Only two miles to go.

Diana would slow
down and then speed up at each familiar bend in the road, making sure the van
was never given enough room to pull level with her. She tried to concentrate on
what she should do once the farmhouse came into sight. She reckoned that the
drive leading up to the house must be about half a mile long. It was full of
potholes and bumps which Daniel had often explained he couldn’t afford to have
repaired. But at least it was only wide enough for one car.

The gate to the
driveway was usually left open for her, though on the odd rare occasion Daniel
had forgotten, and she’d had to get out of the car and open it for herself. She
couldn’t risk that tonight.

If the gate was
closed, she would have to travel on to the next town and stop outside the
Crimson Kipper, which was always crowded at this time on a Friday night, or, if
she could find it, on the steps of the local police station. She checked her
petrol gauge again.

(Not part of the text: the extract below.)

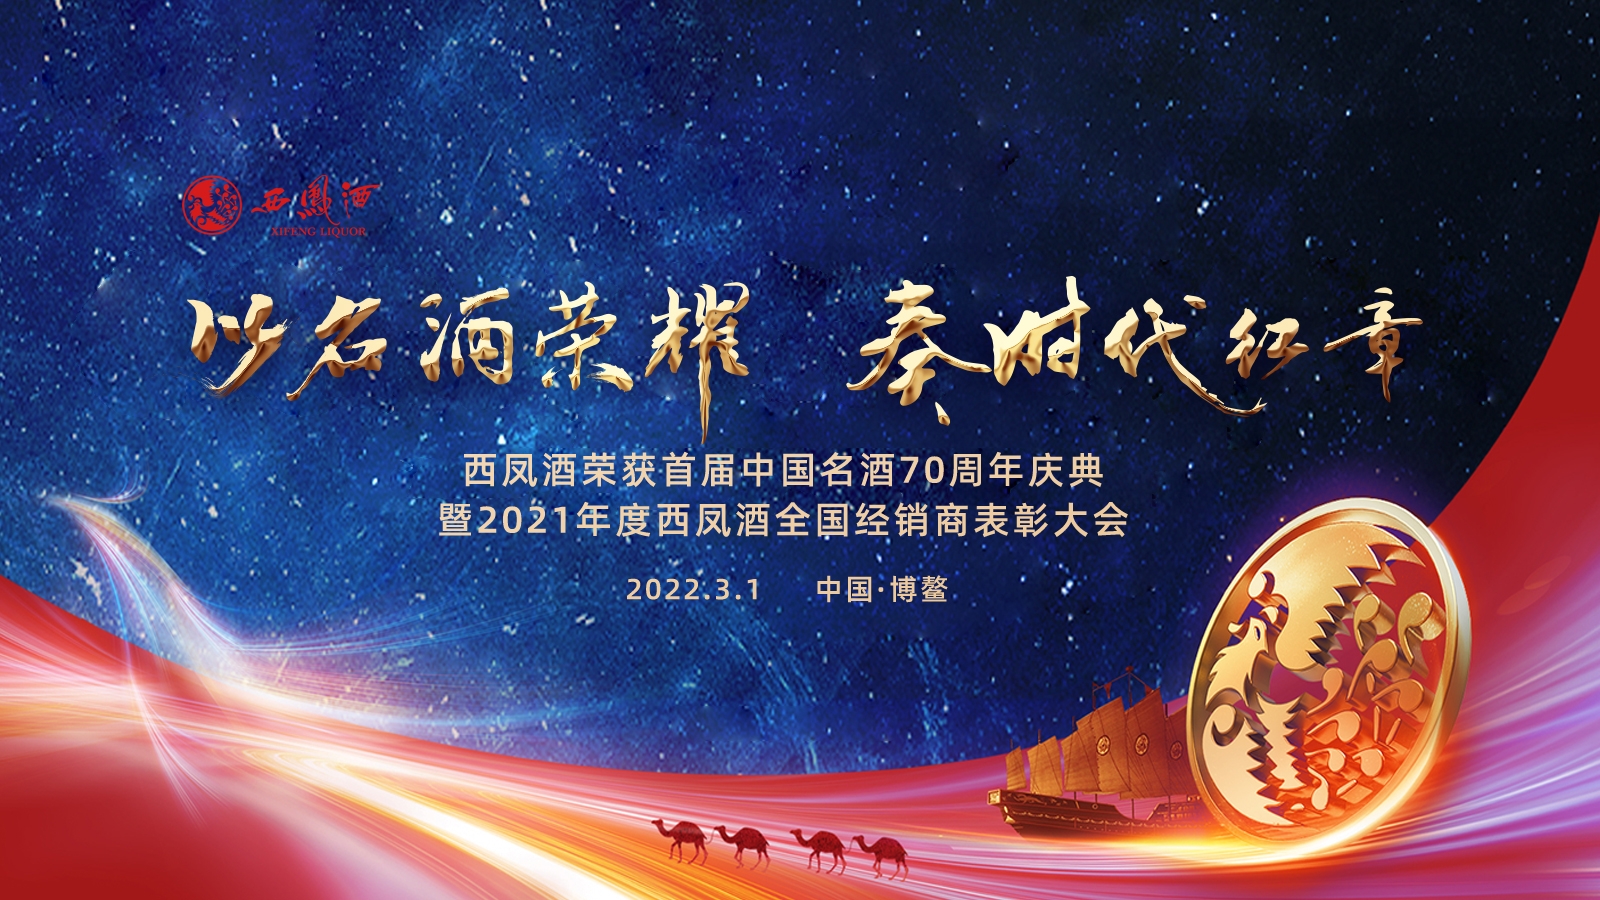 西鳳酒榮獲首屆中國名酒70周年慶典暨2021年度全國經銷商表彰大會

It was now touching red. “Oh my God,” she said, realising
she might not have enough petrol to reach the town.

She could only
pray that Daniel had remembered to leave the gate open.

She swerved out
of the next bend and speeded up, but once again she managed to gain only a few
yards, and she knew that within seconds he would be back in place. He was. For
the next few hundred yards they remained within feet of each other, and she
felt certain he must run into the back of her. She didn’t once dare to touch
her brakes if they crashed in that lane, far from any help, she would have no
hope of getting away from him.

She checked her
mileometer.
A mile to go.

“The gate must
be open. It must be open,” she prayed. As she swung round the next bend, she
could make out the outline of the farmhouse in the distance. She almost
screamed with relief when she saw that the lights were on in the downstairs
rooms.

She shouted,
“Thank God!” then remembered the gate again, and changed her plea to “Dear God,
let it be open.” She would know what needed to be done as soon as she came
round the last bend. “Let it be open, just this once,” she pleaded. “I’ll never
ask for anything again, ever.” She swung round the final bend only inches ahead
of the black van. “Please, please, please.” And then she saw the gate.

It was open.

Her clothes were
now drenched in sweat. She slowed down, wrenched the gearbox into second, and threw
the car between the gap and into the bumpy driveway, hitting the gatepost on
her right hand side as she careered on up towards the house. The van didn’t
hesitate to follow her, and was still only inches behind as she straightened
up. Diana kept her hand pressed down on the horn as the car bounced and lurched
over the mounds and potholes.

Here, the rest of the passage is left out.